Flávio diz que Lula reajustou Bolsa Família para ‘comprar votos’

    Flávio Bolsonaro acusa Lula de reajustar o Bolsa Família por motivos eleitorais e chama aumento de ‘ato de desespero’

    Foto :Carlos Moura/Agência Senado - Ricardo Stuckert

    O senador e candidato à Presidência, Flávio Bolsonaro (PL), acusou o presidente Luiz Inácio Lula da Silva (PT) de ter reajustado o Bolsa Família por motivos eleitorais. A declaração foi feita neste sábado (19), durante um ato de campanha em Joinville, em Santa Catarina.

    Flávio classificou o aumento como um “ato de desespero” e afirmou que Lula estaria tentando conquistar votos entre os beneficiários do programa.

    “O desespero está tão grande que o Lula fez uma confissão nos últimos dias. Num ato de desespero, ele aumentou o Bolsa Família. Ele deu a prova de que ele não pensa no povo brasileiro. Ele só pensa nele”, afirmou o candidato.

    O reajuste de 15,04% foi anunciado pelo governo federal na quinta-feira (17). Com isso, o valor mínimo do Bolsa Família passará de R$ 600 para R$ 691 a partir de outubro. Segundo o Ministério do Desenvolvimento e Assistência Social, o percentual corresponde à inflação acumulada pelo INPC entre março de 2023 e agosto de 2026 e representa a primeira atualização dos valores pela inflação desde a retomada do atual modelo do programa.

    Crítica e comparação com 2022

    Durante o discurso, Flávio também relacionou o reajuste à perda de poder de compra provocada pela inflação. Segundo ele, o governo “gasta muito, aumenta a inflação” e os atuais R$ 600 já não têm o mesmo poder de compra.

    “O valor não compra mais nada hoje. Não consegue encher o carrinho como dava lá atrás com o presidente Bolsonaro”, afirmou.
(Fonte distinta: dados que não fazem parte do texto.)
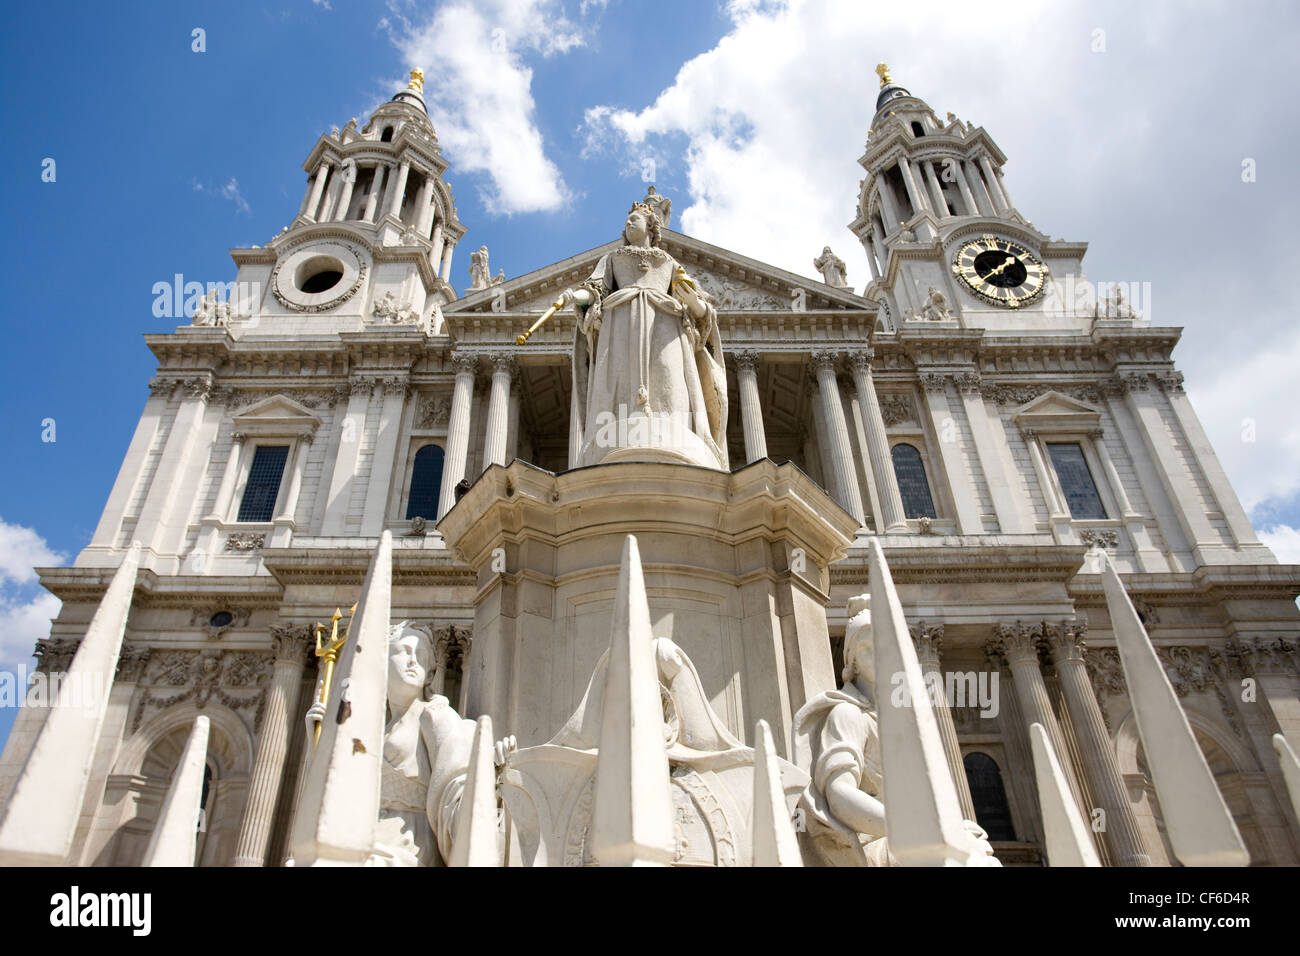 Eine Statue von Königin Anne vor St Pauls Cathedral zeigt, dass sie Monarch zum Zeitpunkt war die Kathedrale Dienstlei Stockfoto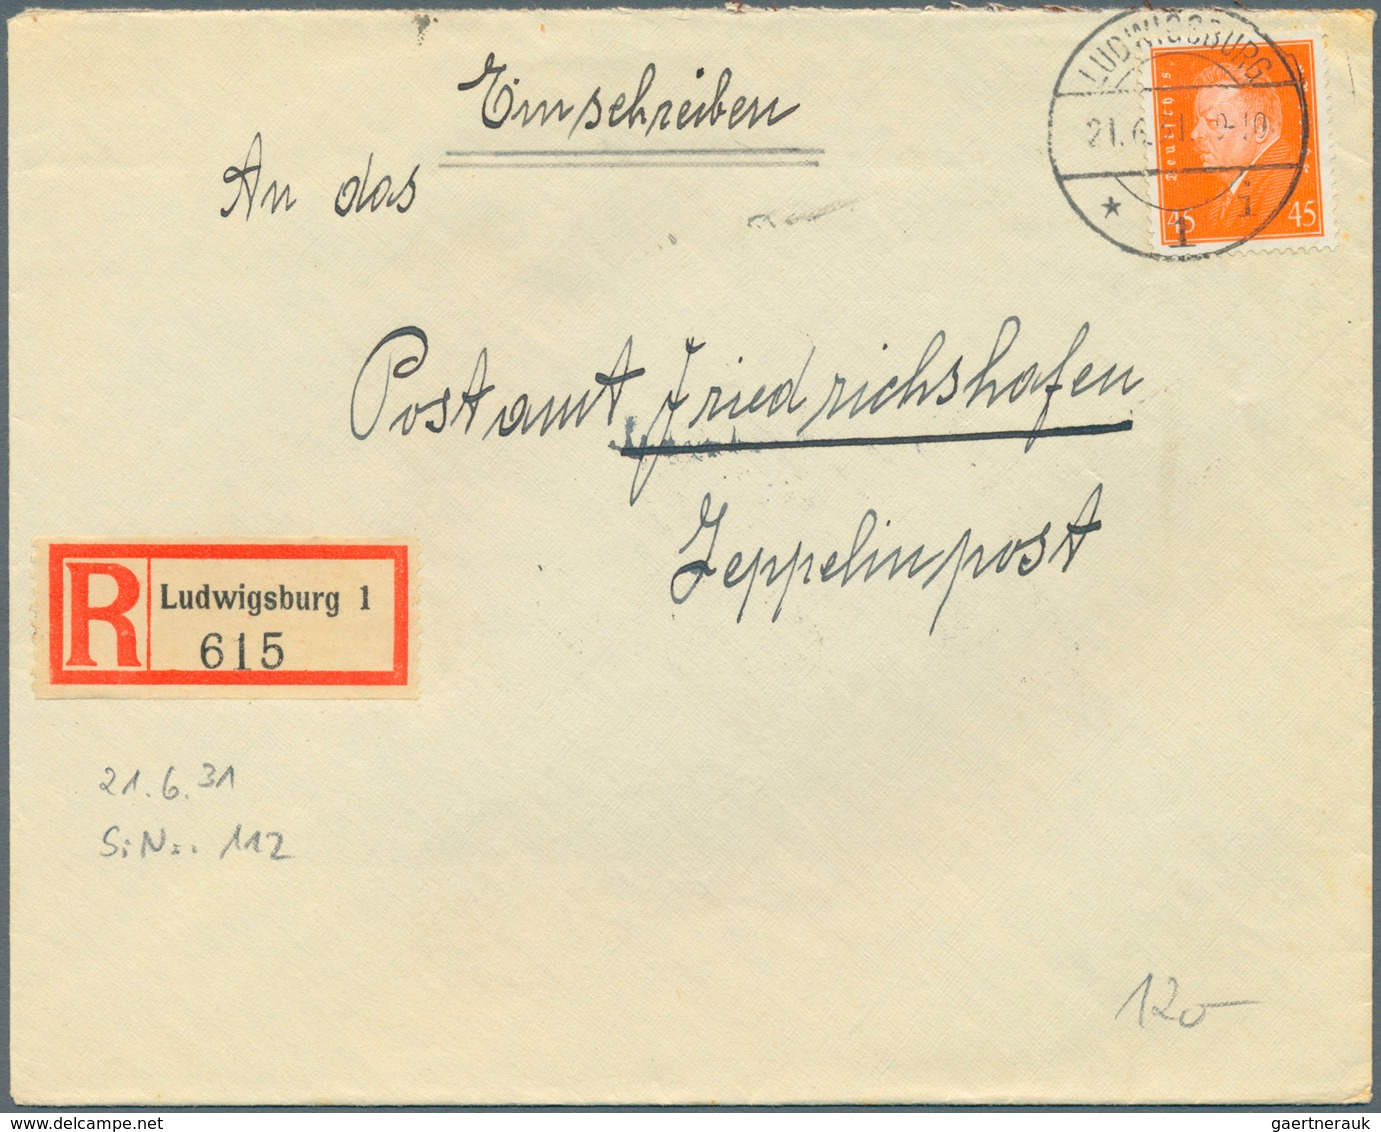 Zeppelinpost Deutschland: 1929/33, 125 Briefe adressiert nach Friedrichshafen an das dortige Postamt

    A declaração ocorreu em um contexto semelhante ao de 2022, quando Jair Bolsonaro (PL), então presidente e candidato à reeleição, ampliou o Auxílio Brasil de R$ 400 para R$ 600. O aumento de 50% começou a ser pago em agosto daquele ano e tinha validade até dezembro. Durante a campanha, Bolsonaro passou a defender a manutenção permanente do benefício em R$ 600.

    Apesar das críticas ao reajuste anunciado pelo governo Lula, Flávio afirmou, segundo relatos da imprensa sobre o ato, que pretende manter o novo valor caso seja eleito.